WORK TO COMPLETE: A verbatim copy of the data is wanted, minus any picture in it.

SUPPLIED MATERIAL:
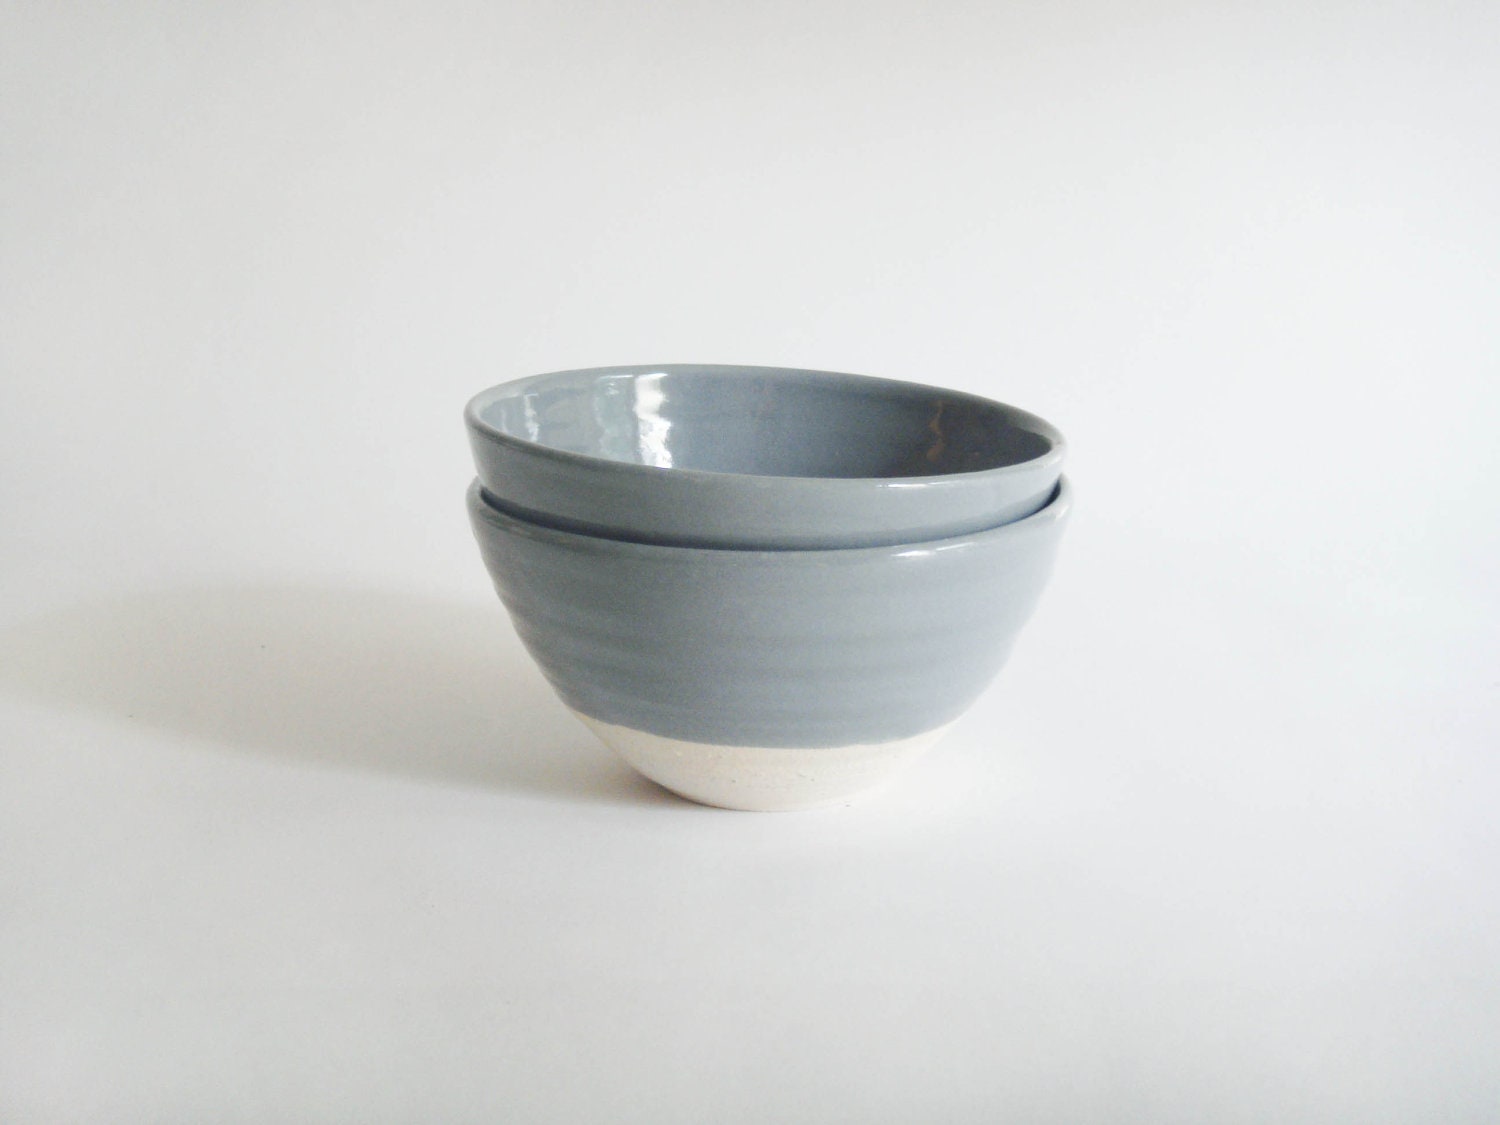 Two small grey and white pottery bowls, minimal and fresh, Forest series - juliapaulpottery
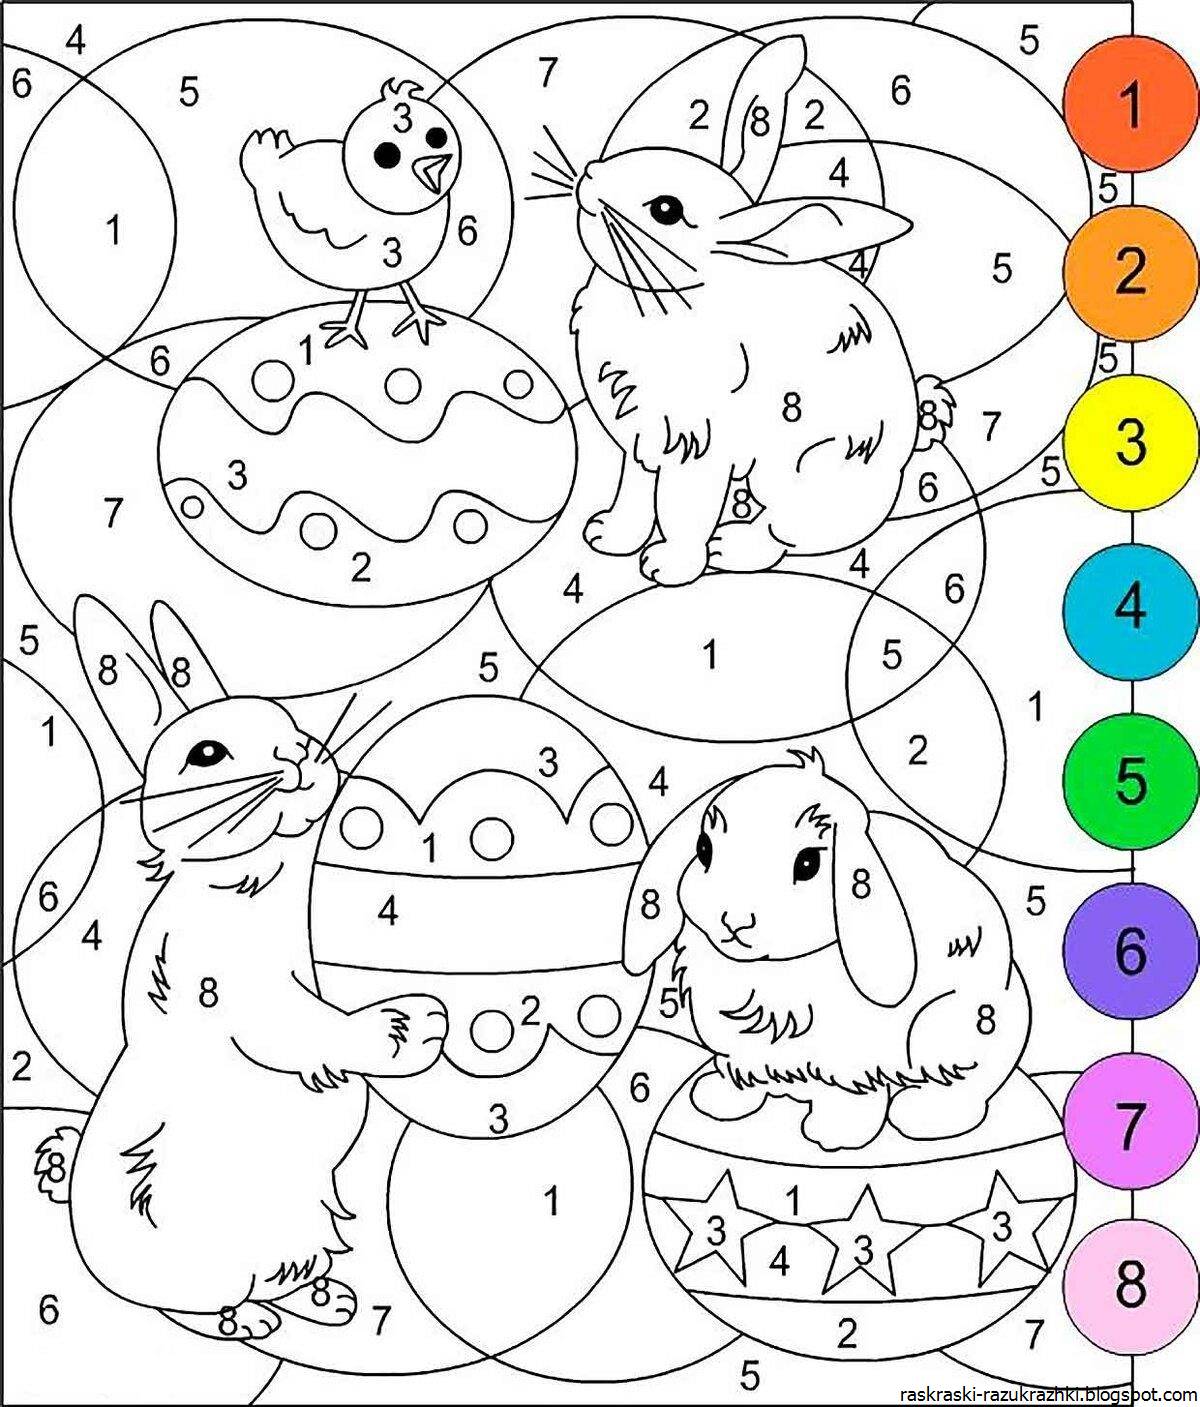 Creative coloring book for 7-8 year olds
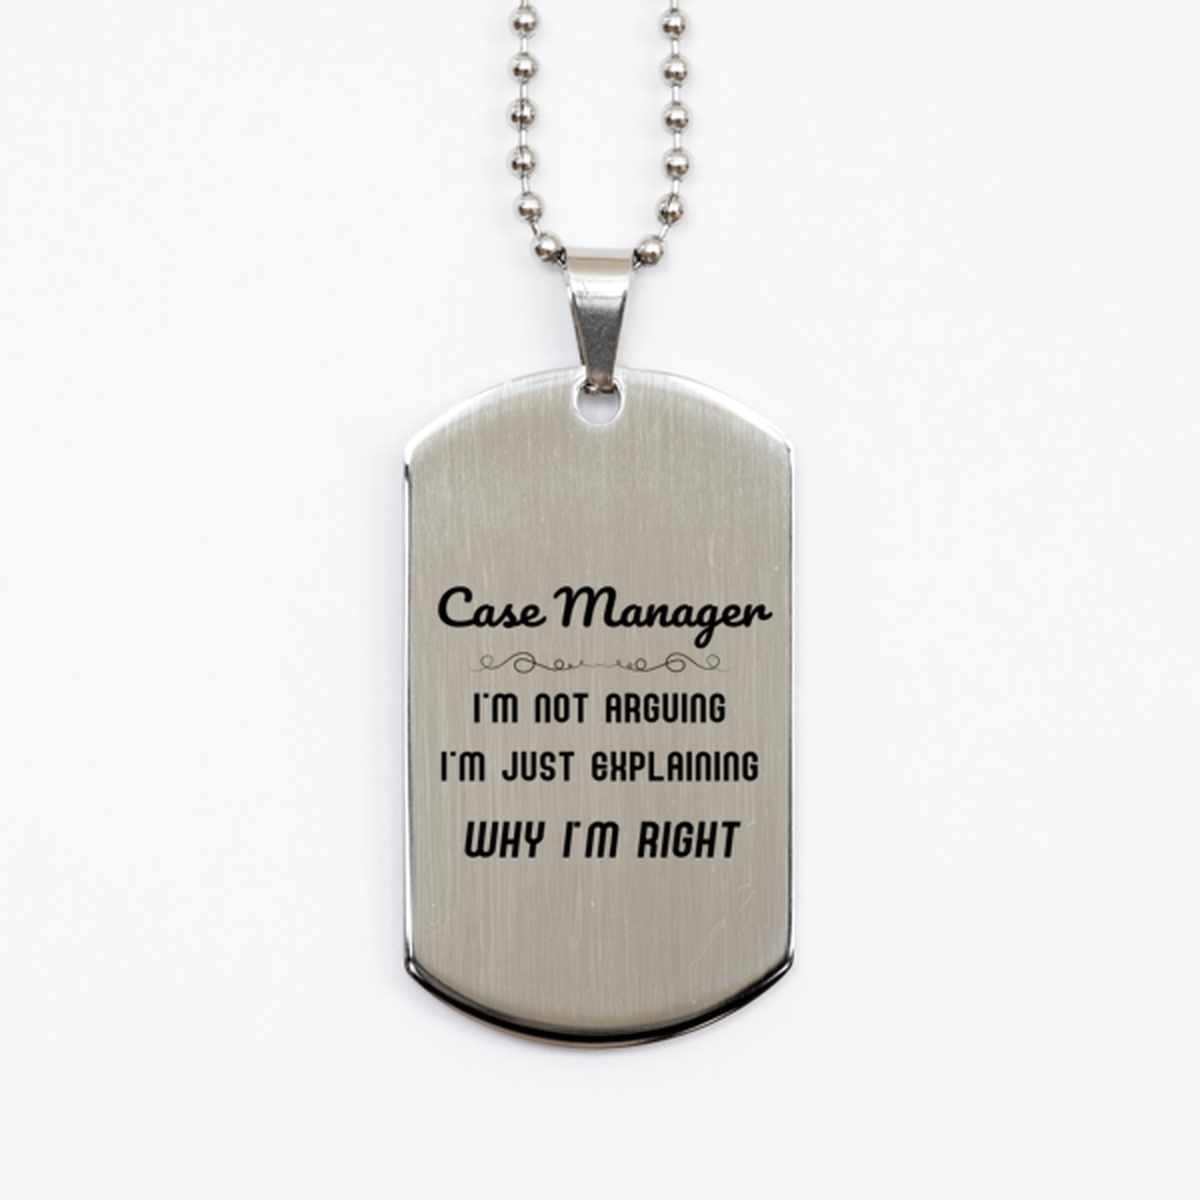 Case Manager I'm not Arguing. I'm Just Explaining Why I'm RIGHT Silver Dog Tag, Funny Saying Quote Case Manager Gifts For Case Manager Graduation Birthday Christmas Gifts for Men Women Coworker

SOLUTION BELOW:
 Two small grey and white pottery bowls, minimal and fresh, Forest series - juliapaulpottery
 Creative coloring book for 7-8 year olds
 Case Manager I'm not Arguing. I'm Just Explaining Why I'm RIGHT Silver Dog Tag, Funny Saying Quote Case Manager Gifts For Case Manager Graduation Birthday Christmas Gifts for Men Women Coworker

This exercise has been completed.